▶ [WHAT THE TASK ASKS] Look below for the line with "Buy Alessandra Rich Mini skirt online"; begin the copy there and stop after the line with "Gobble Til You Wobble Muscle Tee", keeping the text exact and the pictures out.

▶ [TASK DATA]
━━━━━━

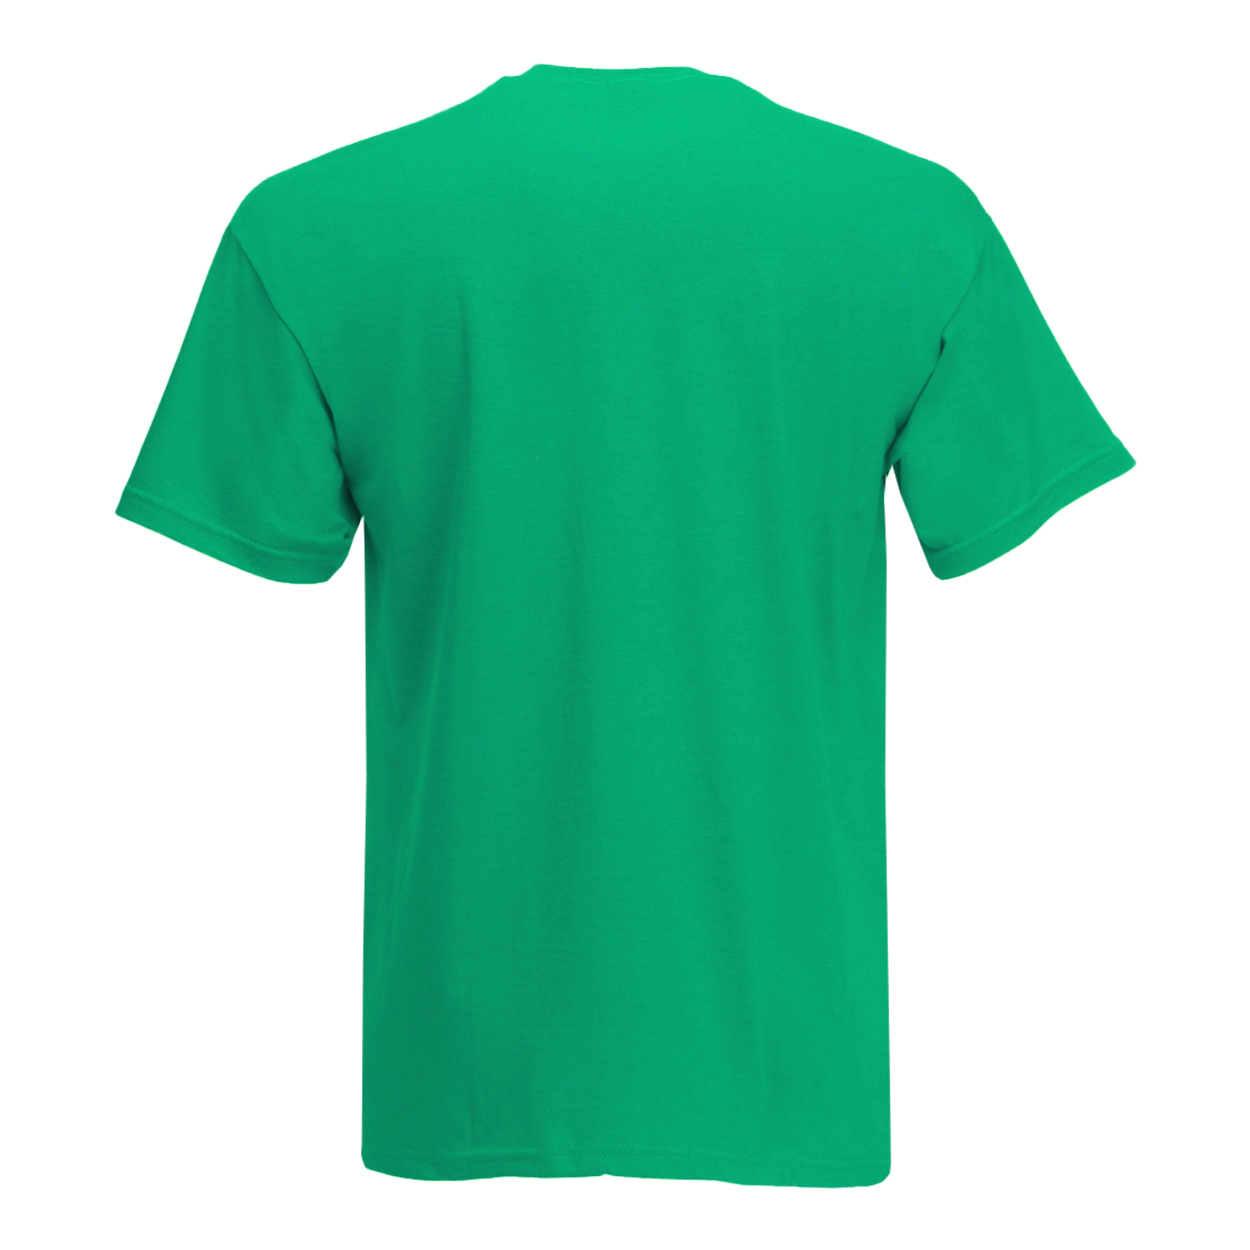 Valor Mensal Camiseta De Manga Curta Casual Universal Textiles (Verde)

━━━━━━

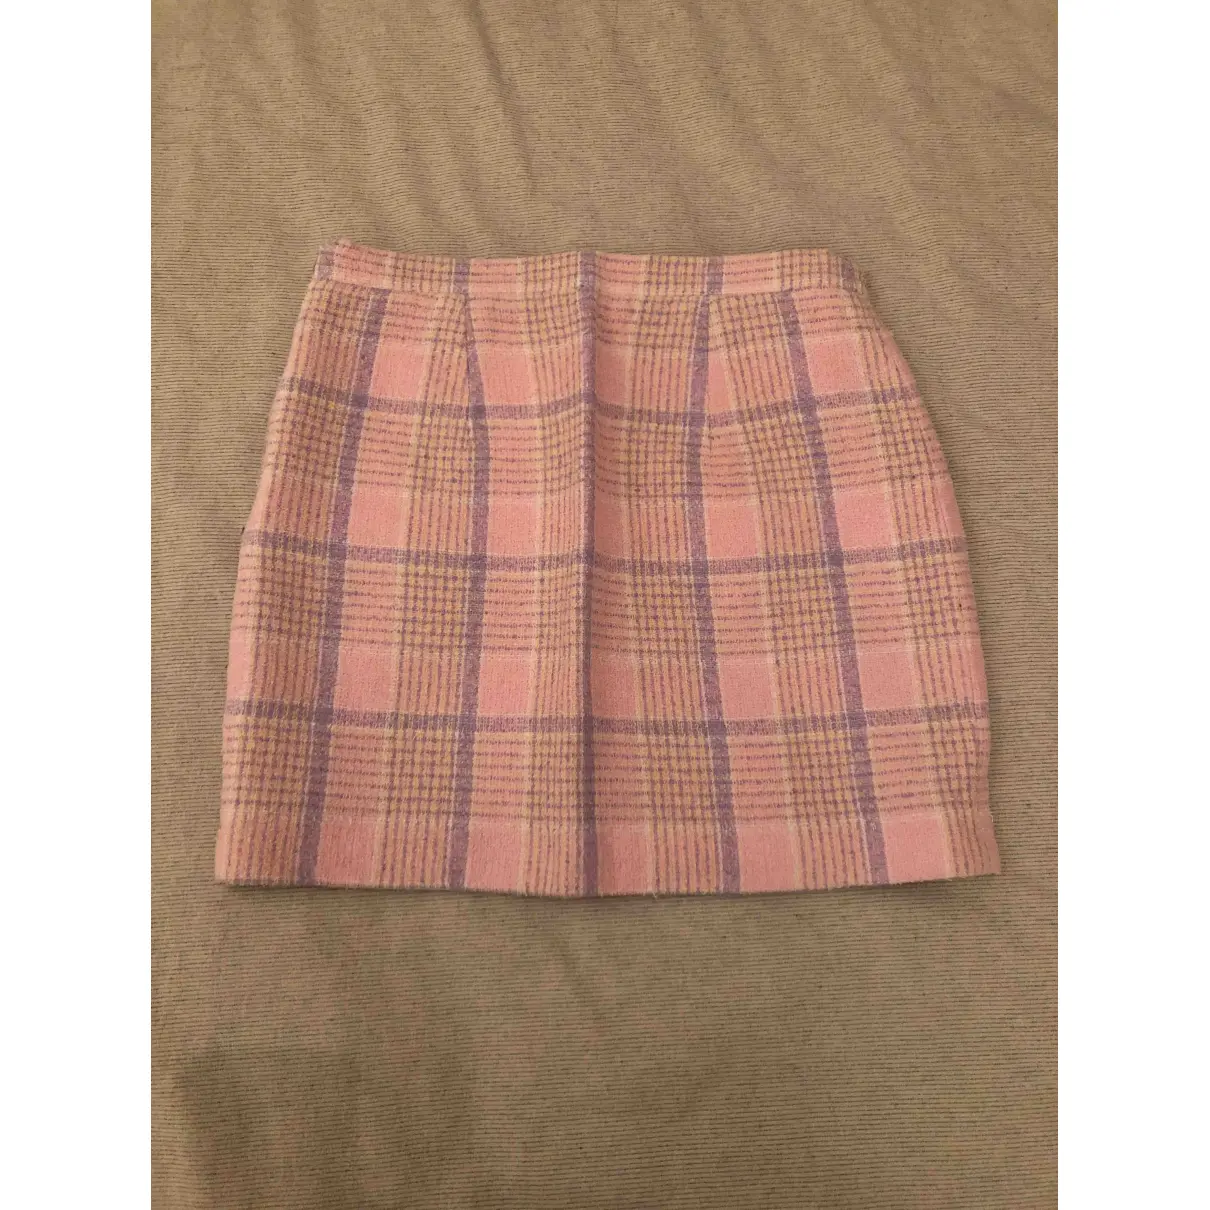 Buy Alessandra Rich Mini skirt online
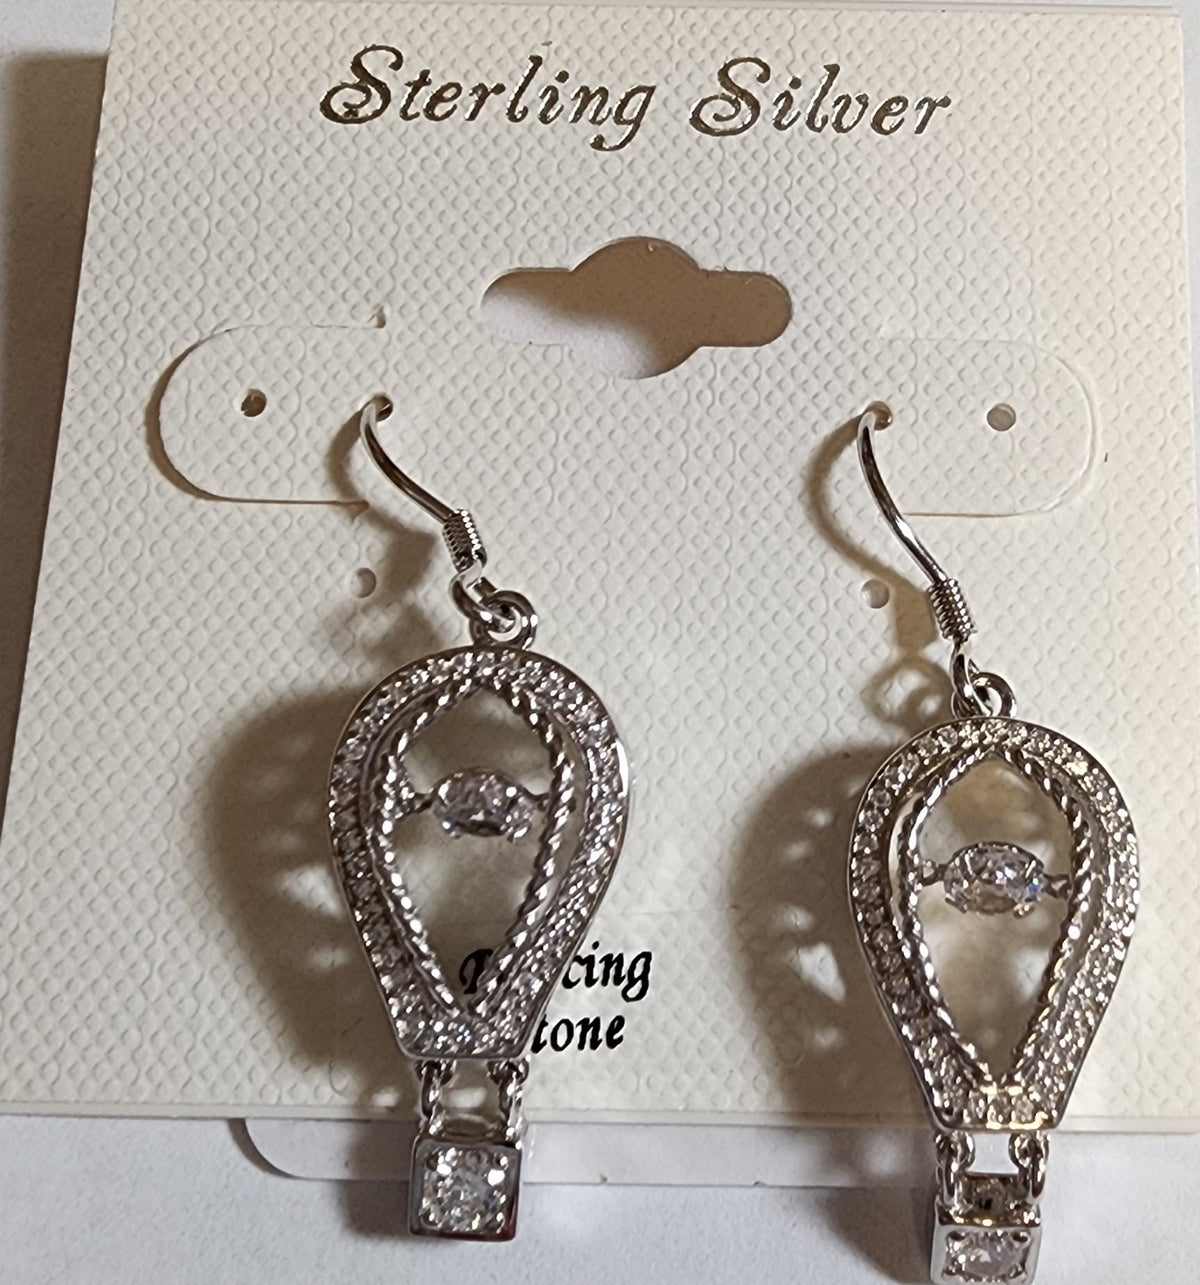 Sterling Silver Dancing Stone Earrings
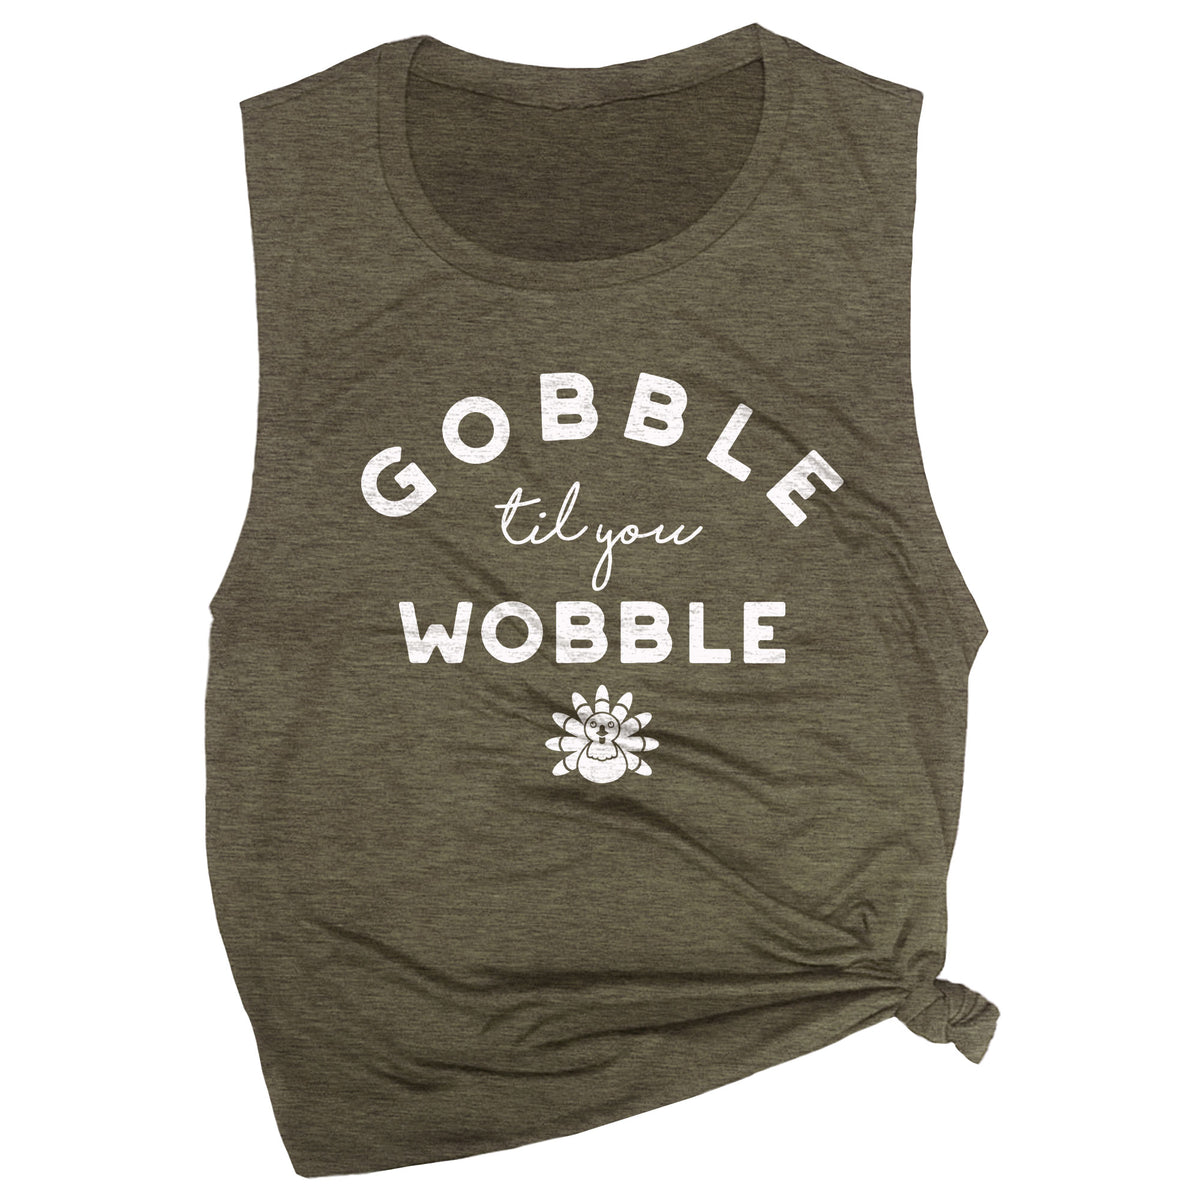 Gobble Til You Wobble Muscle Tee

━━━━━━

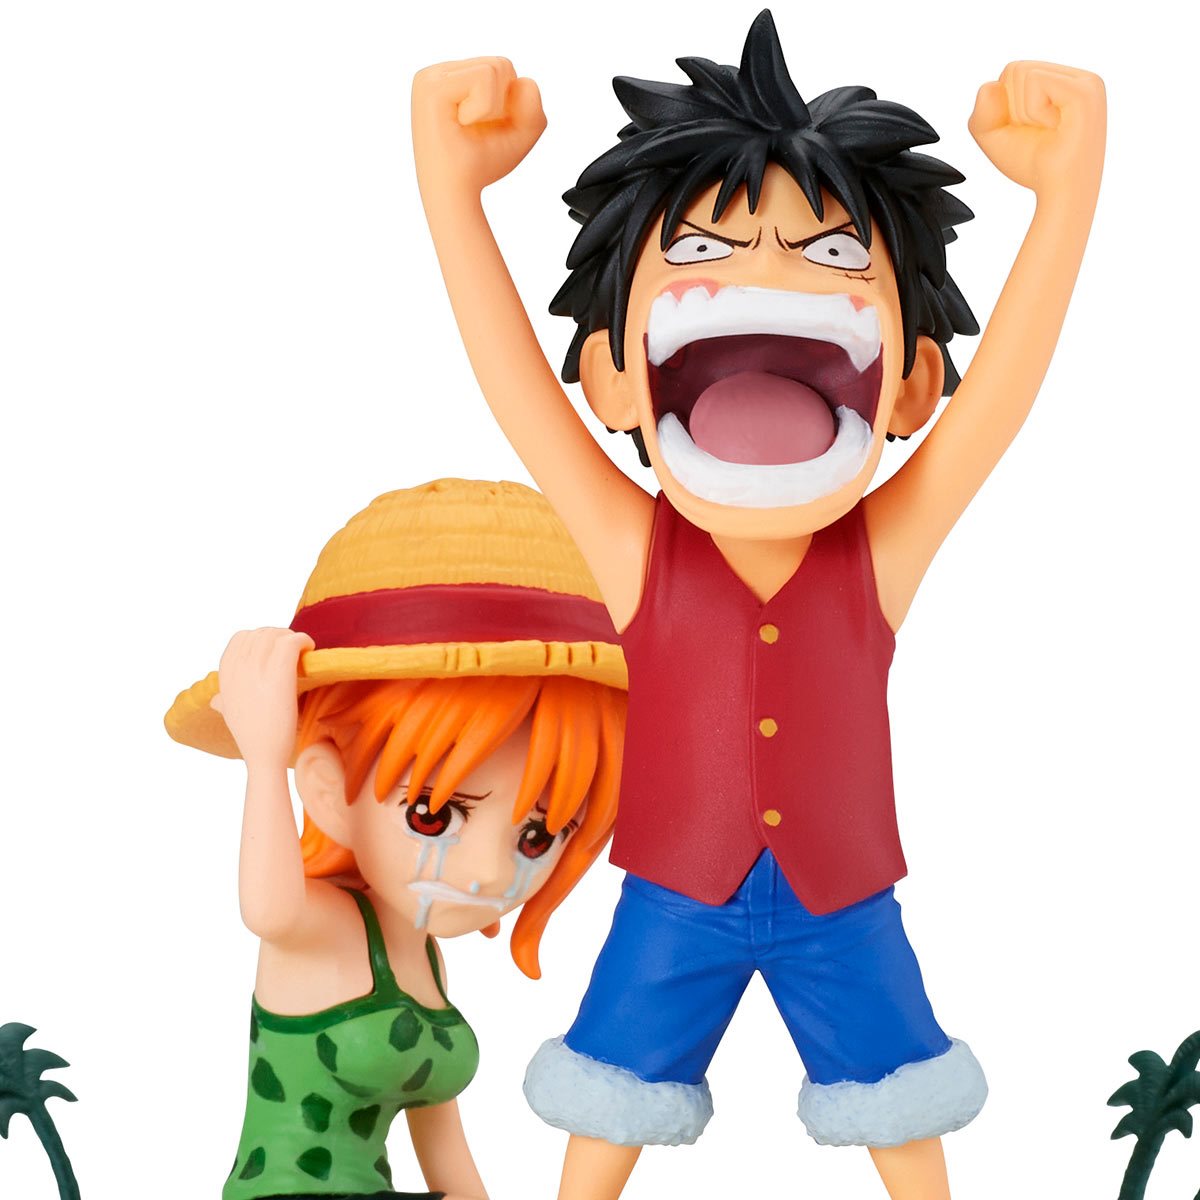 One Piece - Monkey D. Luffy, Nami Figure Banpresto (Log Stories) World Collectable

━━━━━━

▶ [YOUR SOLUTION]
 Buy Alessandra Rich Mini skirt online
 Sterling Silver Dancing Stone Earrings
 Gobble Til You Wobble Muscle Tee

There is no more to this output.